Contrast with Captain Beatty's speech from Ray Bradbury's Fahrenheit 451 and you will find my concerns: "Then, in the twentieth century, speed up your camera. Books cut shorter. Condensations. Digests. Tabloids. Everything boils down to the gag, the snap ending...Classics cut to fit fifteen-minute radio shows, then cut again to fill a two-minute book column, winding up at last as a ten- or twelve-line dictionary resume... Do you see? Out of the nursery into the college and back to the nursery; there's your intellectual pattern, for the past five centuries or more... Speed up the film, Montag, quick. Click, pic, look, eye, now, flick, here, there, swift, pace, up, down, in, out, why, how, who, what, where, eh? Uh! Bang! Smack! Wallop, bing, bong, boom! Digest-digests, digest-digest-digests. Politics? One column, two sentences, a headline! Then, in midair, all vanishes! Whirl man's mind around about so fast under the pumping hands of publishers, exploiters, broadcasters that the centrifuge flings off all unnecessary, time-wasting thought!" 

That sounds so, so eerily similar, the casually arrogant, impishly impatient quote of (pause a moment to let me look this up, because Shields sure as hell won't do it for me) ha! Shields himself! I am validated--Shields' quote to the classic dystopia of Ray Bradbury's invention. Everything boiled down to the snap close, the meaning right out there in the open, without all that annoying buildup--and yet, I would posit, doesn't that kind of invalidate the meaning? Food for thought right there.

But why am I getting so very, very exercised about this? These quotes were, after all, taken not from me, but from other authors. It is they who have to feel the itchy welt of Shields' parasite proboscis. And yet I, too, am a writer, or I intend to be one. I'm working on stuff that I hope to see published within the next few years, and it galls me to the bone to think that someone like Shields could simply come by and, willy-nilly and without asking my permission, hack off some particularly nice bit of prose from here or some poetic invention from there, stuff that I put in the time and effort and bloodsweatandtears to invent, and he did not. Yes, I had my influences--these I will acknowledge. But I did NOT--in fact made every effort NOT to--copy from them wholesale. I took what they wrote, mashed it together, and put my own spin on it--and that is the difference between me and Shields' collage "artistry." In the end, you are only taking bits and shards of what others have written (or painted, or photographed, or whatever) and fitting them together in different ways. The invention you do there is minimal. If you are putting a puzzle together in the way it was not meant to fit, you aren't creating a new puzzle--you're simply arranging the pieces in a different way. Maybe some of the pieces of my puzzle bear resemblances to other writers, but none of them are exactly the same. Where they paint the sky blue, I paint it purple. My flowers are more important to the puzzle than theirs, and they are violets as opposed to daisies. Shields has simply put the daisies in the sky and the blue on the ground. 

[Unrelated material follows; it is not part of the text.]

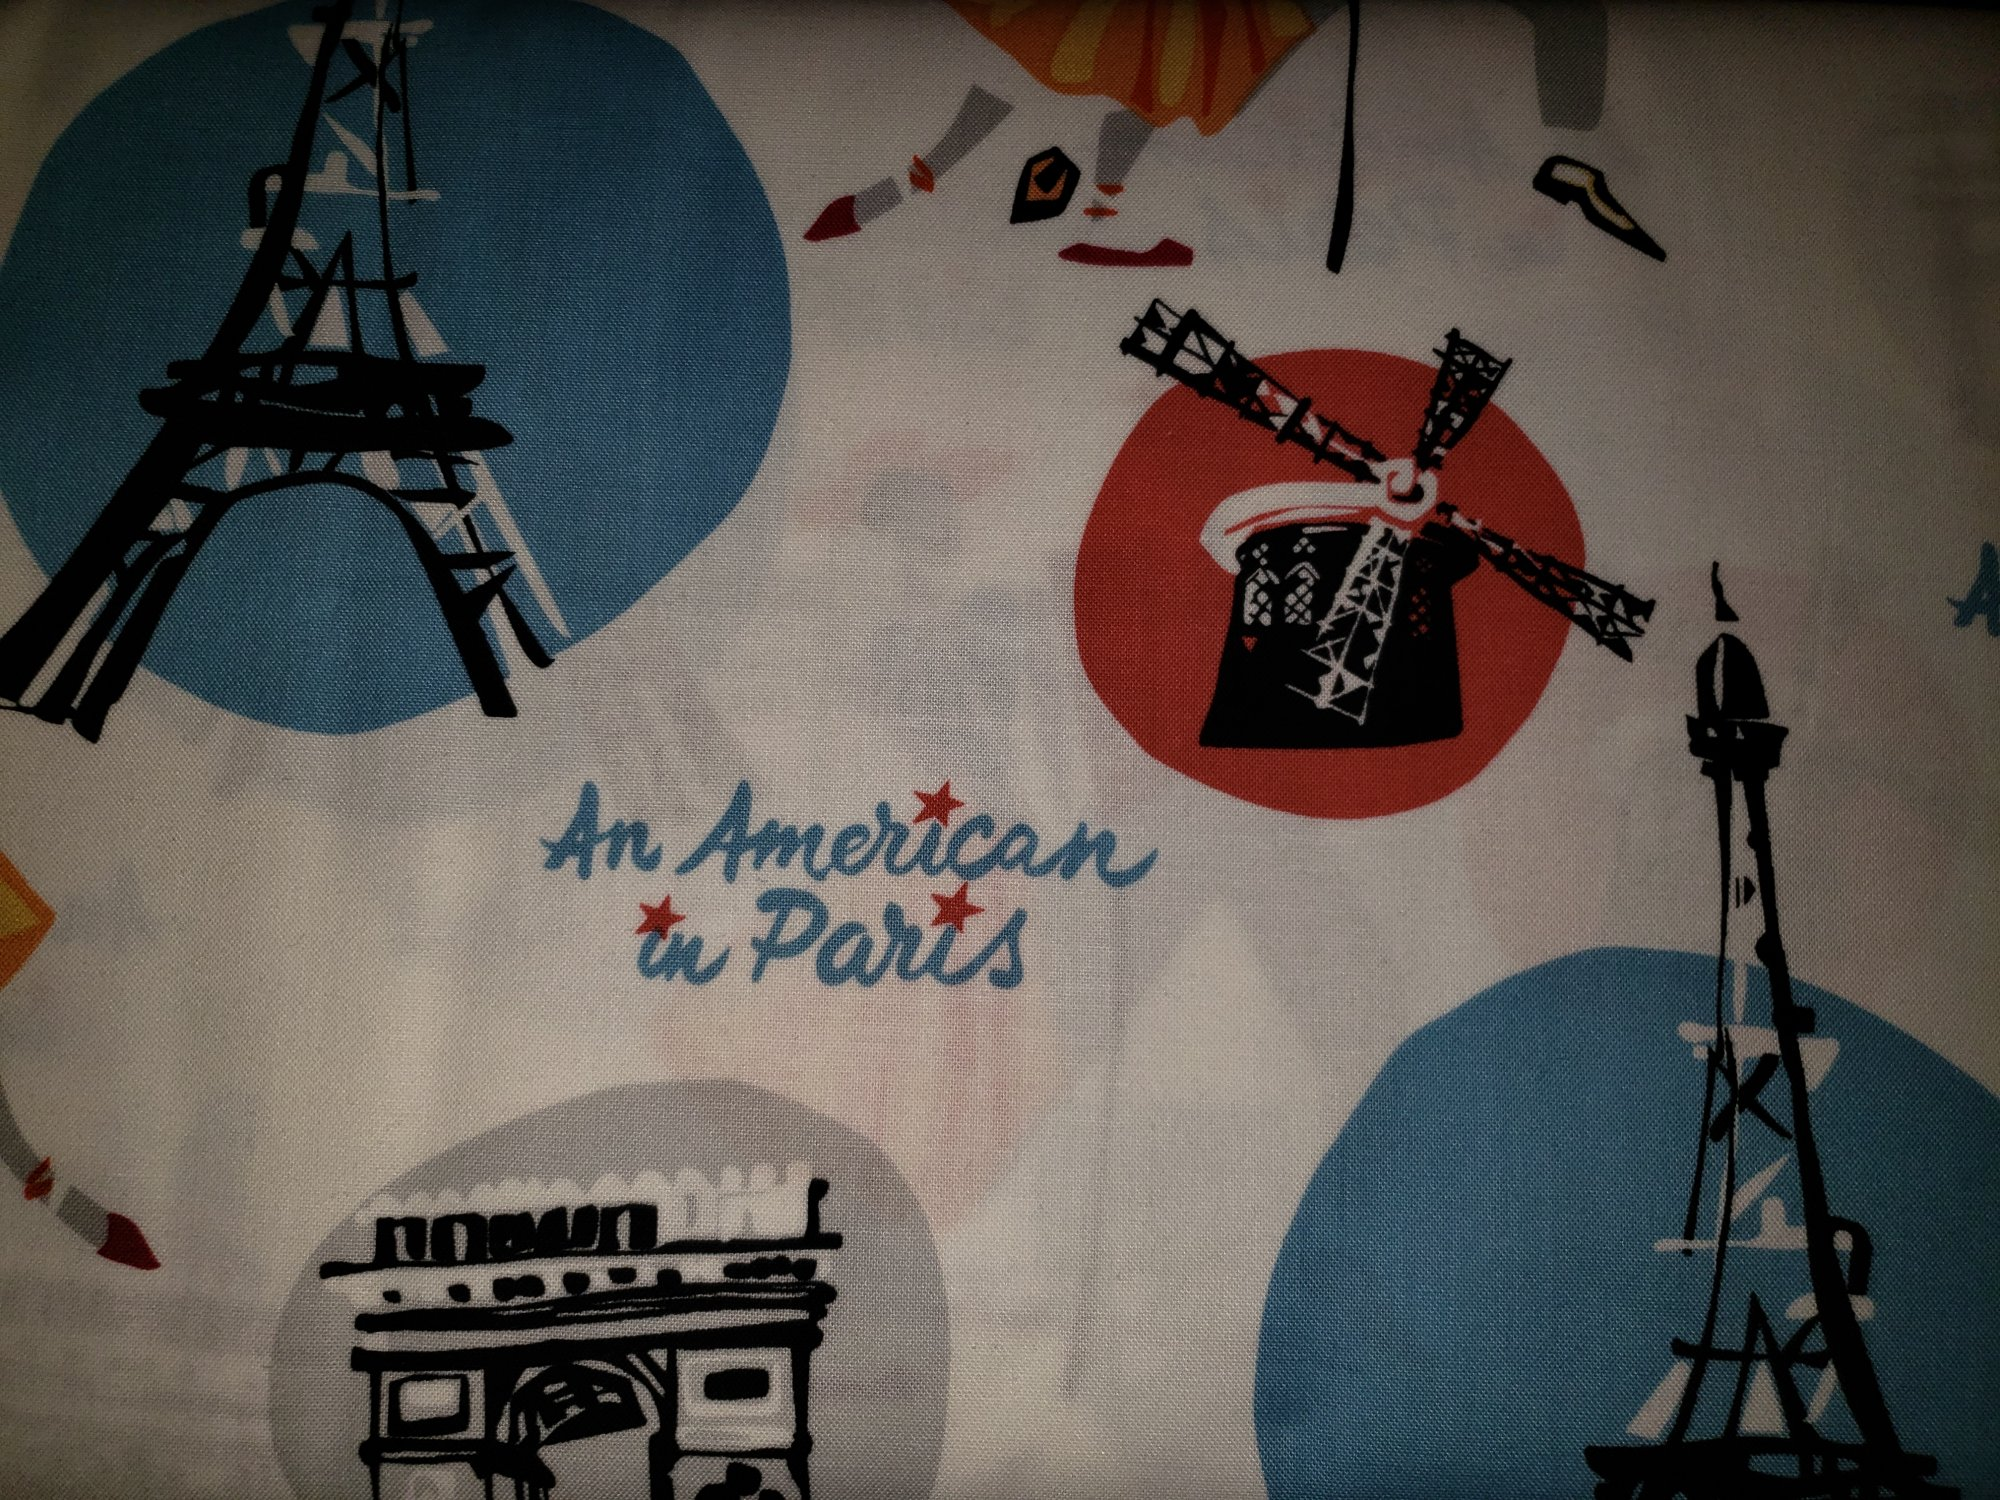 An American In Paris - 8265

But it's more than all this logicking can explain, honestly. To see Shields take a quote of mine (yeah, some of you are thinking, I should be so lucky) would be like watching him hack off a piece of my child--the one I had sweated and screamed out into the world--and being powerless to stop it, because the weight of the world is on Shields' side, telling me I have no right to try, because, after all, ideas can't be copyrighted.